According to Mikael Lundqvist, a postdoc at MIT’s Picower Institute for Learning and Memory, working memory is the sketchpad of consciousness.

In a debate where the stakes are out and out seeing how the brain keeps up its supposed “sketchpad of a conscious thought,” specialists talk about precisely what influences working memory to work.

The main point of the debate is what happens after you hear or see what you need to remember and must then hold or control it in mind to apply it later.

Amid that interval, or delay period, the main question is whether neurons in your brain’s prefrontal cortex keep up it by constantly terminating endlessly, similar to a lingering car engine, or whether they spike to sum things up yet planned blasts to store and recover data by means of the examples of their associations, which is likened to how longer-term memory works.

Here, Lundqvist, Miller, and Pawel Herman off the KTH Royal Institute of Technology in Stockholm, Sweden take the latter position.

They contend that short, organized blasts are plainly clear in the perceptions of the latest trials and that such movement can all the more attractively create key qualities of working memory, including productive, free control of various things with exact planning.

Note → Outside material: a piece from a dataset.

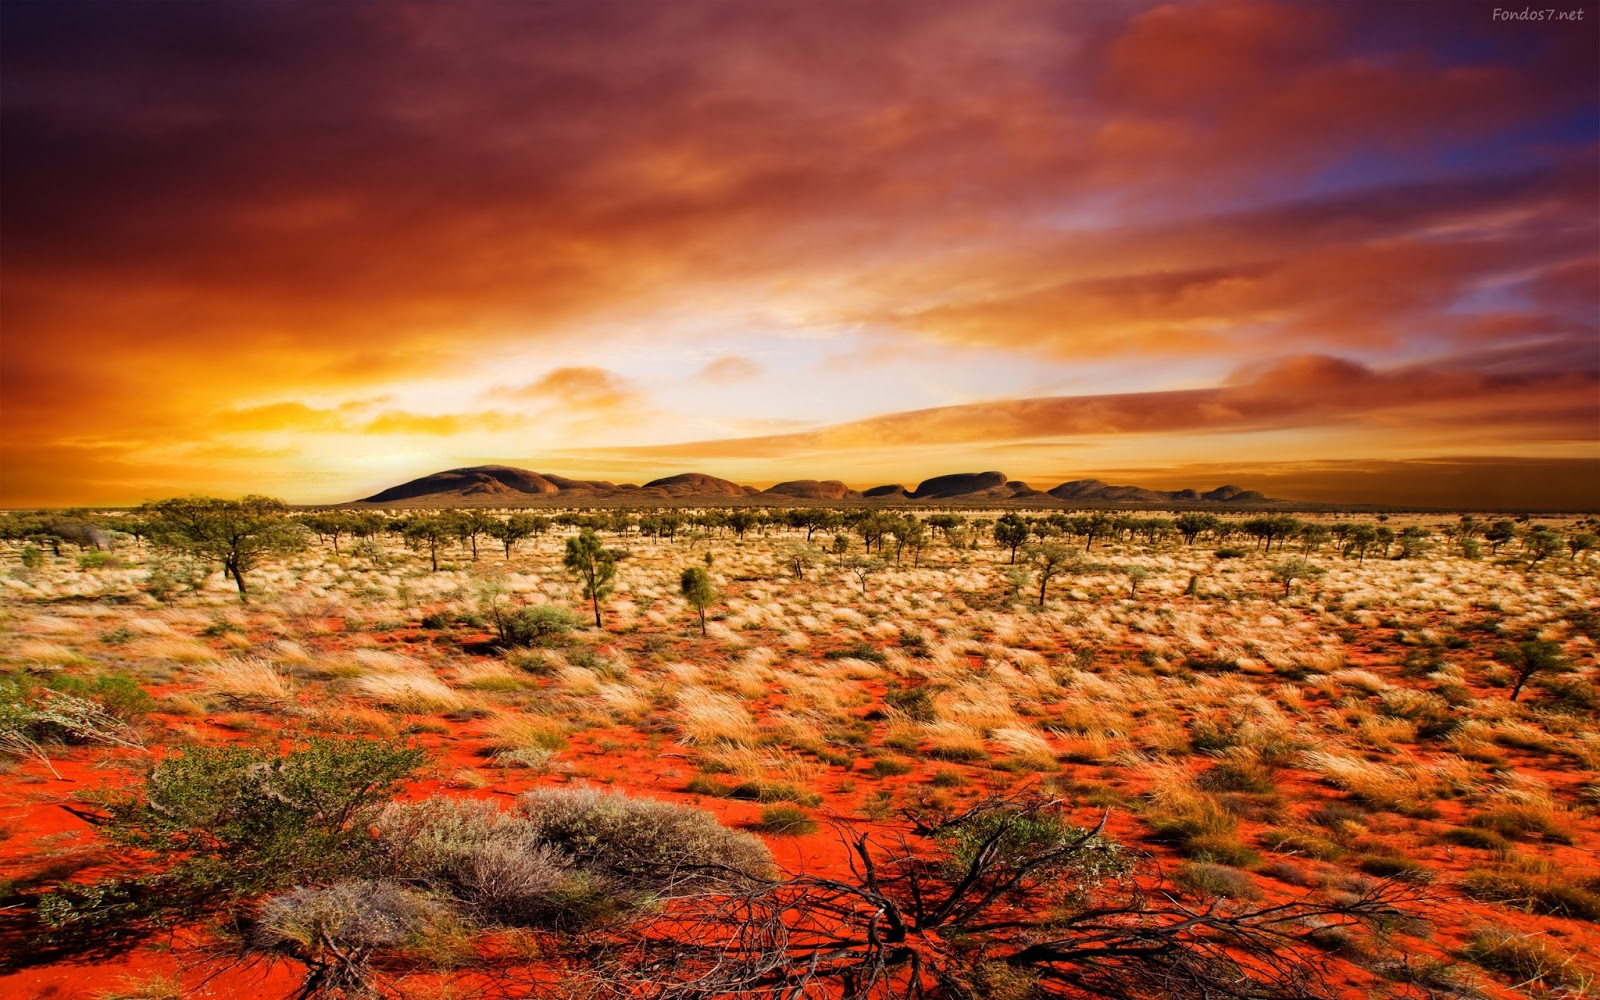 Seiya(Kenshin) vs  Jyu Viole (TheHooded) EN EL DESIERTO  Atardecer+en+el+desierto

Scientists noted, “Our work doesn’t argue against the idea that delay activity spiking plays a role in working memory, it adds further support. We are just saying that at a more granular level, there are some additional things going on.”

“The data supporting the persistence interpretation arise mostly from analyses in which researchers averaged the firing patterns of small numbers of neurons over many working memory trials.”

Miller and Lundqvist said, “Averages, however, tend to smooth data out over the long term. Instead, in newer experiments, scientists have analyzed the spiking of many neurons in each individual trial. There, it’s clear that as animals perform working memory tasks, populations of neurons fire, in brief, coordinated bursts.”

During their studies, scientists discovered that how groups of neurons are coordinated, demonstrating how a large-scale, precisely timed interplay of brain rhythms correlate with goal-directed control of working memory functions such as storing or releasing, information from being in mind.

Miller and Lundqvist argue that it makes functional sense that neurons fire in short, cohesive bursts in accord with circuit-wide oscillations. That uses less energy than keeping neurons firing all the time, for example, and readily explains how multiple items can be held in mind simultaneously (distinct bursts representing different pieces of information can occur at different times). Moreover, storing information in patterns of synaptic connections makes the information more resilient to distraction than if neurons are constantly trying to maintain it through activity.

Lundqvist said, “Storing information with a mixture of spiking and synapses gives the brain more flexibility. It can juggle the activation of different memories, allowing the brain to hold multiple memories without them interfering with each other. Plus, synapses can store temporarily store memories while the spiking processes other thoughts.”

“This could explain how our working memory is not erased by things that temporarily distract us. With a lot of new research activity and data coming in.”

“This is a good time to see what the evidence is and to determine what are the experiments that will settle this. We need more experiments to settle this. They will give us not only more insight into this question of persistence but also about working memory function.”

MIT paper recommends four major principles to help researchers continue to move forward: measuring the activity of whole populations of individual neurons; analyzing every trial separately; making the tasks animals do complex enough to require controlling multiple pieces of information, and measuring neural rhythms instead of just spiking.